BERNARD LAMOTTE

"CHAMBRE A COUCHER"

OIL ON CANVAS, SIGNED

FRENCH-AMERICAN, C.1930

23.5 X 26.75

Bernard Lamotte
1903 – 1983

Lamotte’s style is reminiscent of other artists of the School of Paris, modern with a flare for the romantic. His technique gives his oil paintings a look and texture of a watercolor.

Lamotte was born and educated in Paris where he beautifully captured modern day Parisian city life and street scenes. Lamotte had been bedridden for some time as a child due to an injury and spent his time studying the color and textures of the cityscape below his window, which would greatly influence his artistic style and passion.

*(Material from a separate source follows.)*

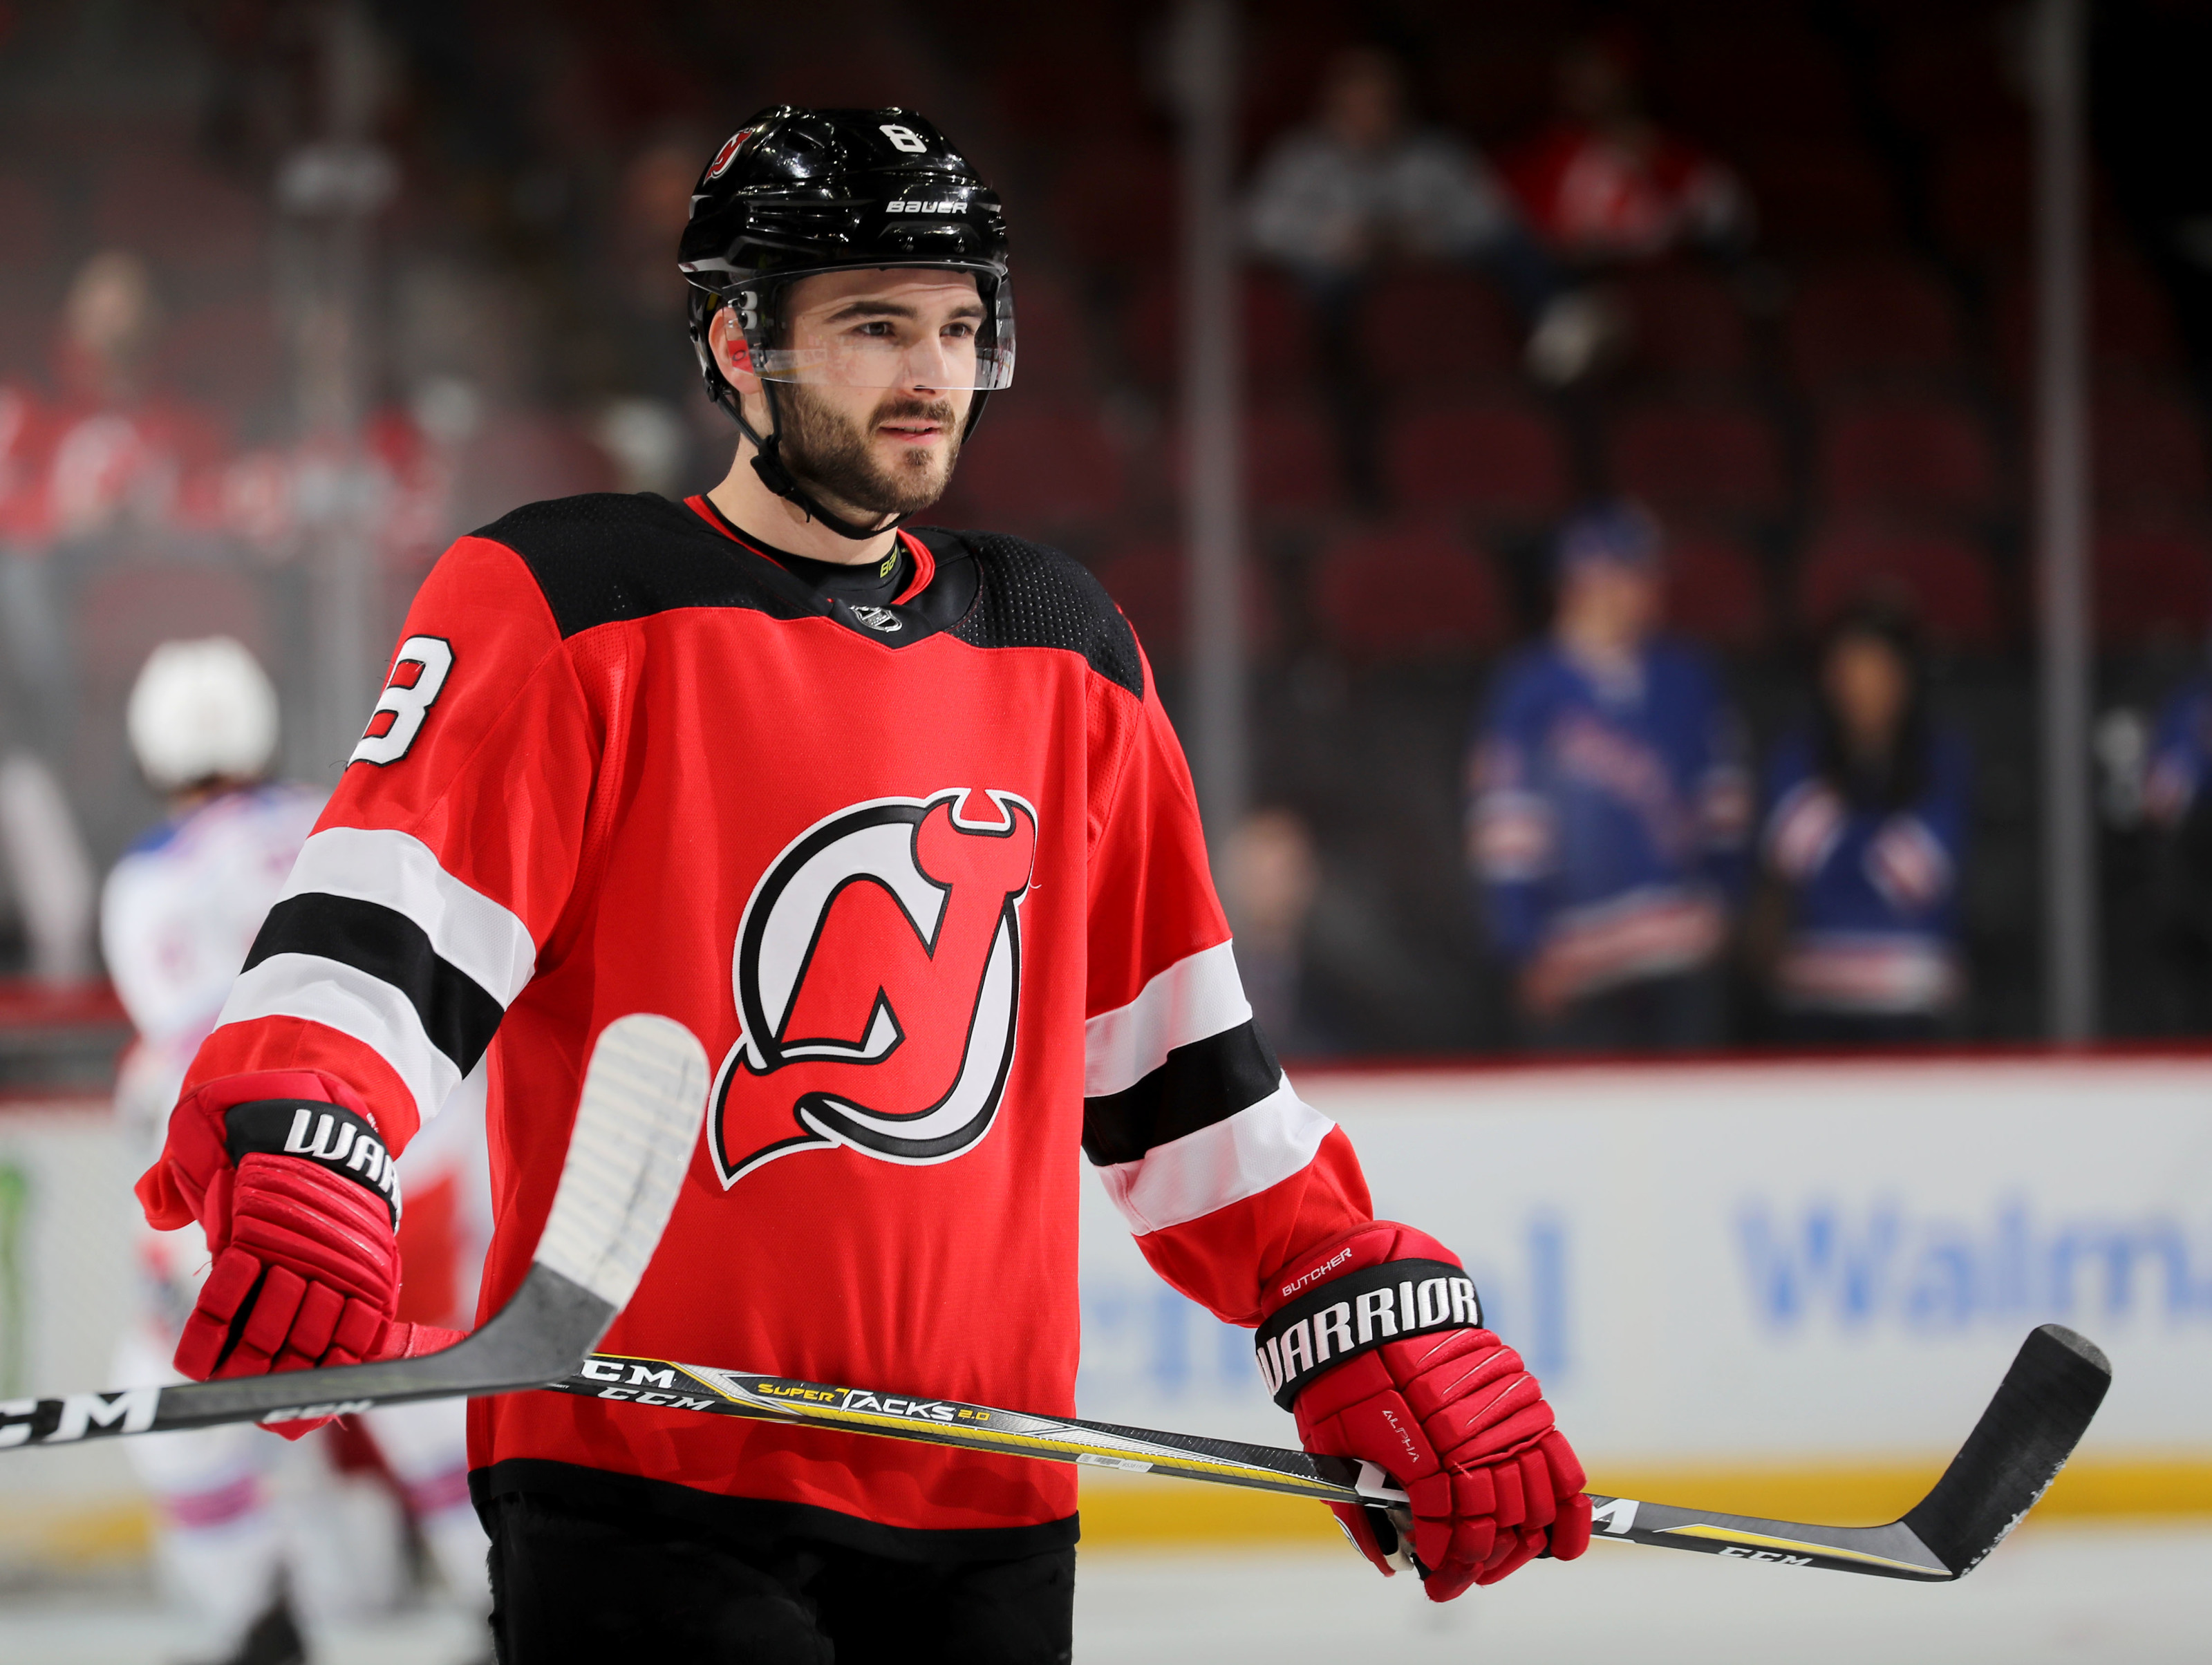 Will Butcher Stakes Claim for New Role on the New Jersey Devils Roster

Lamotte received his formal training at l’École des Beaux- Arts under Fernand Corman and Lucien Simon. Lamotte’s travels took him to New York City in 1932, where he would later settle in 1935 and become a naturalized U.S. citizen in 1951. His atelier was located above La Grenouille restaurant where fellow expatriate French artists and famed New York personalities congregated in including Greta Garbo, Charlie Chaplin and Marlene Dietrich. The studio he and his wife shared became a bohemian haven and was coined Le Bocal (“The Fishbowl”).

While in New York, between travels to Tahiti and Paris, Lamotte received several mural commissions including and exhibitions including a solo show at the Wildenstein Gallery within one year of his arrival. Other exhibits included the Art Institute of Chicago in 1941, the Carstairs Gallery in New York City annually from 1941 – 1950’s and a solo show at the Palm Beach Gallery in 1965. Like Pierre Sicard and Grigory Gluckmann Lamotte was represented by the Dalzell-Hatfield Gallery in Los Angeles, which had an exhibition in 1975

Lamotte also created a mural for the swimming pool room of the White House in 1961, which now is preserved in the John F. Kennedy Library and Museum in Boston. Other commissions include businesses, restaurants corporations and private collectors. Lamotte was an illustrator as well and created the the illustrations for Flight to Arras by Antoine de Sanit-Expuréryand theatre designer as well.

In 1945 there was an illustrated book published on Lamotte titled Bernard Lamotte, Oil Painting and Brush Drawing, written by Louis Gauthier and in 1948 he work was reviewed in Time magazine.
Museum collections of Lamotte’s work include the Tokyo Museum, Luxembourg Museum and Musee d’Art Moderne in Paris, and the French Embassy in Finland. Private collections include Joseph P. Kennedy and Alfred Barnes among several others.

Bernard Lamotte died in 1983 and the The Vose Gallery of Boston has since hosted several exhibitions from his estate.